The decoder typically attends to the object extremities such as legs and heads as shown in the image below.

Panoptic segmentation

Panoptic segmentation is the combination of semantic segmentation and instance segmentation so that all the image pixels are assigned a class and each object instance has a unique segmentation mask. Similar to how Faster R-CNN was extended Mask R-CNN DETR can be extended by adding a mask head on the decoder outputs. Figure below illustrate how panoptic segmentation can be achieved by adding a FPN style architecture to the decoder outputs.

Results

DETR framework was trained on COCO 2017 dataset with 118k training images and 5k validation images. DETR was trained using two backbones ResNet50 and ResNet101. DETR was able to achieve significantly better Average Precision on the 5K COCO validation set as compared to Faster RCNN. However, the downside of the DETR is that it has not so good performance for smaller objects which is expected to be solved in the future versions of DETR.

Average Precision on 5K COCO validation set [1]

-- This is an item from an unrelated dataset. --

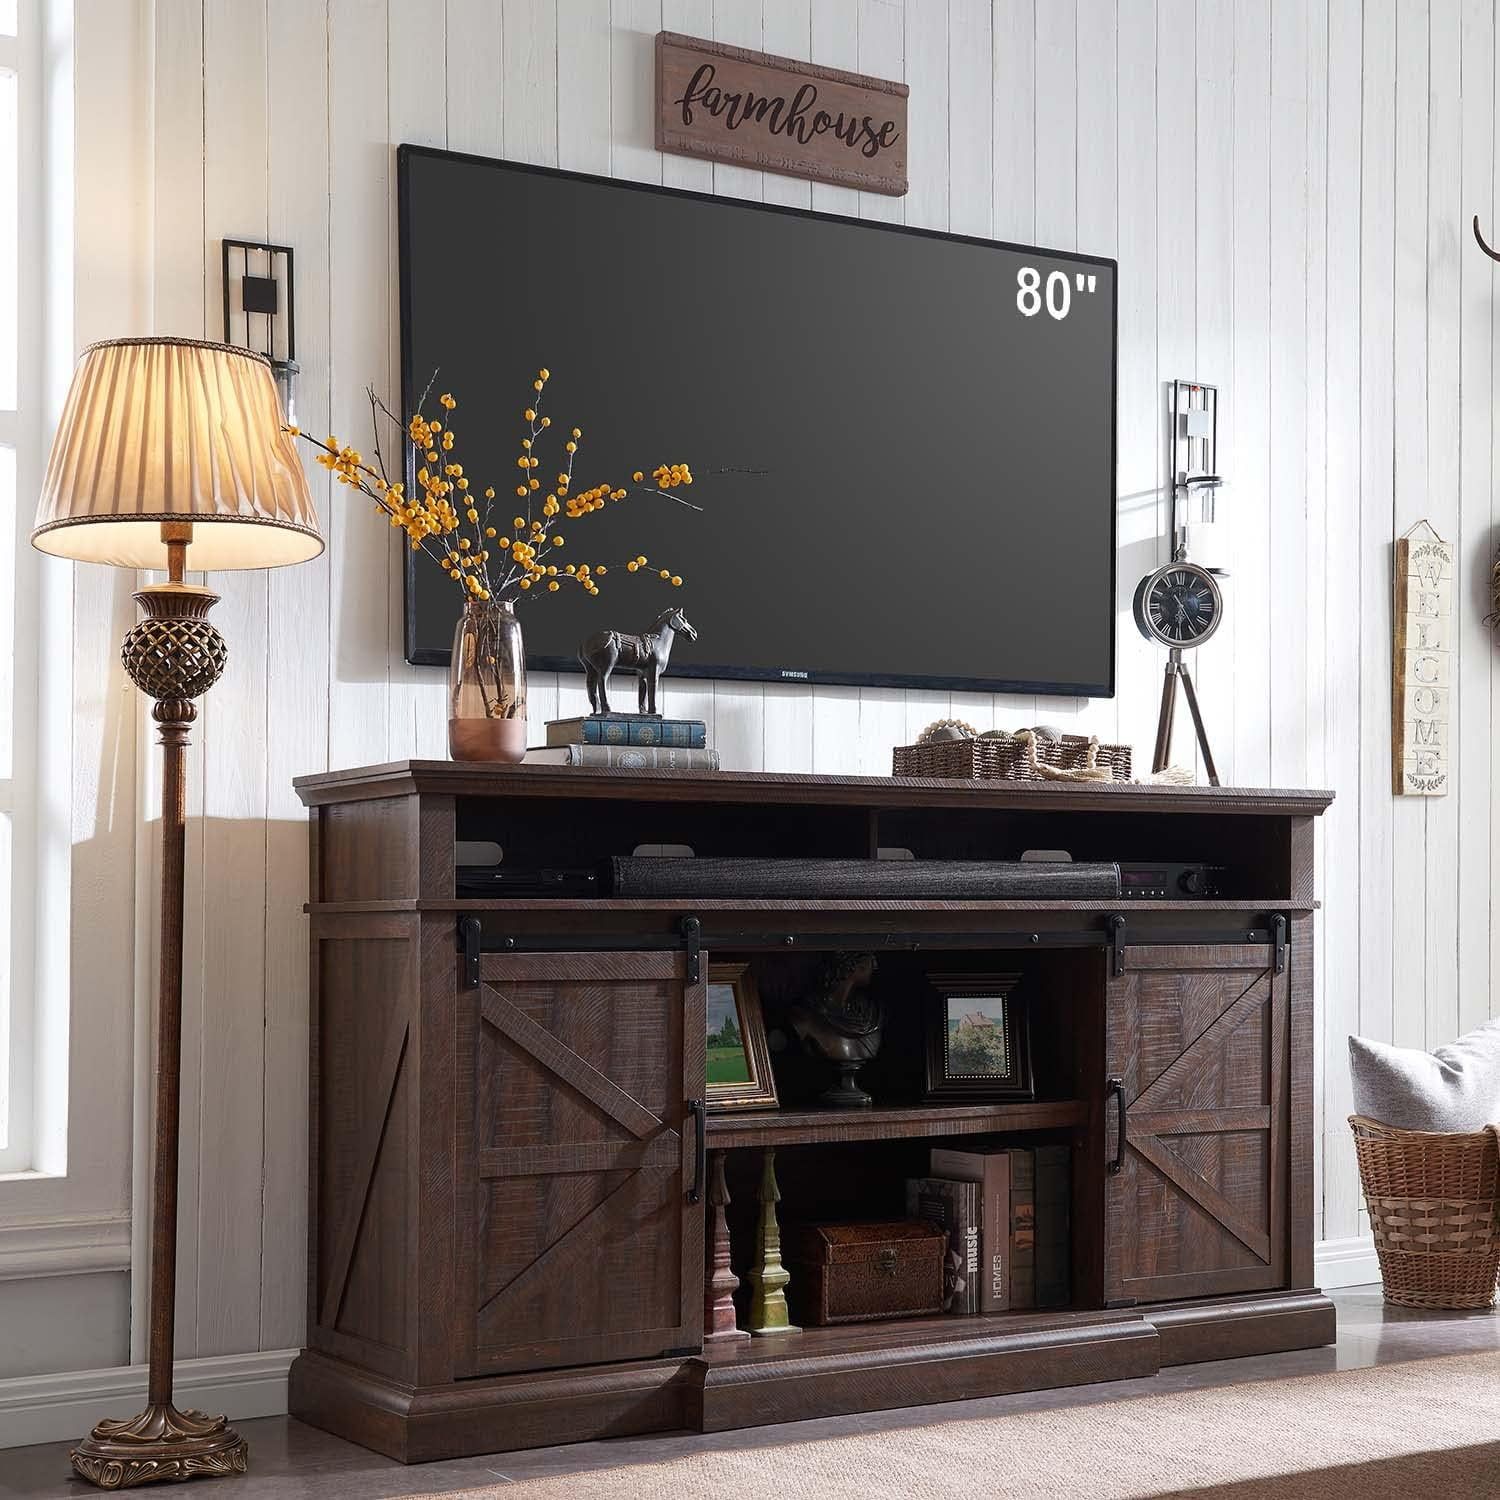 Sincido Farmhouse Tv Stand For 80 Inch Tvs, 39" Tall Entertainment Center  W/double Sliding Barn Door, Large Media Console Cabinet W/soundbar &  Adjustable Shelves For Living Room, 70inch, Brown – Walmart Within Farmhouse Stands With Shelves (View 8 of 15)

We tested the DETR on two test images using pre-trained ResNet101 DETR model. The model performed really well in both test images. In test image 1 object class of COCO dataset such as person, couch, laptop potted plant and vase with multiple instances were identified correctly and accurately. In test image 2, objects such as elephants, giraffe, zebra and bird were identified correctly and accurately.

Test image 2: Image of wild life animals

Conclusion

A new paradigm of object detection method is introduced through DETR and it is the first object detection framework that successfully integrated Transformers in object detection pipeline. DETR will help to bridge the gap between NLP and computer vision in future research and innovation. DETR is simple to implement and does not require special libraries. The inference code can be implemented in 50 lines of code. DETR can also be used in model interpretation by attention mechanism visualization which highlights the parts of the image that caused the prediction.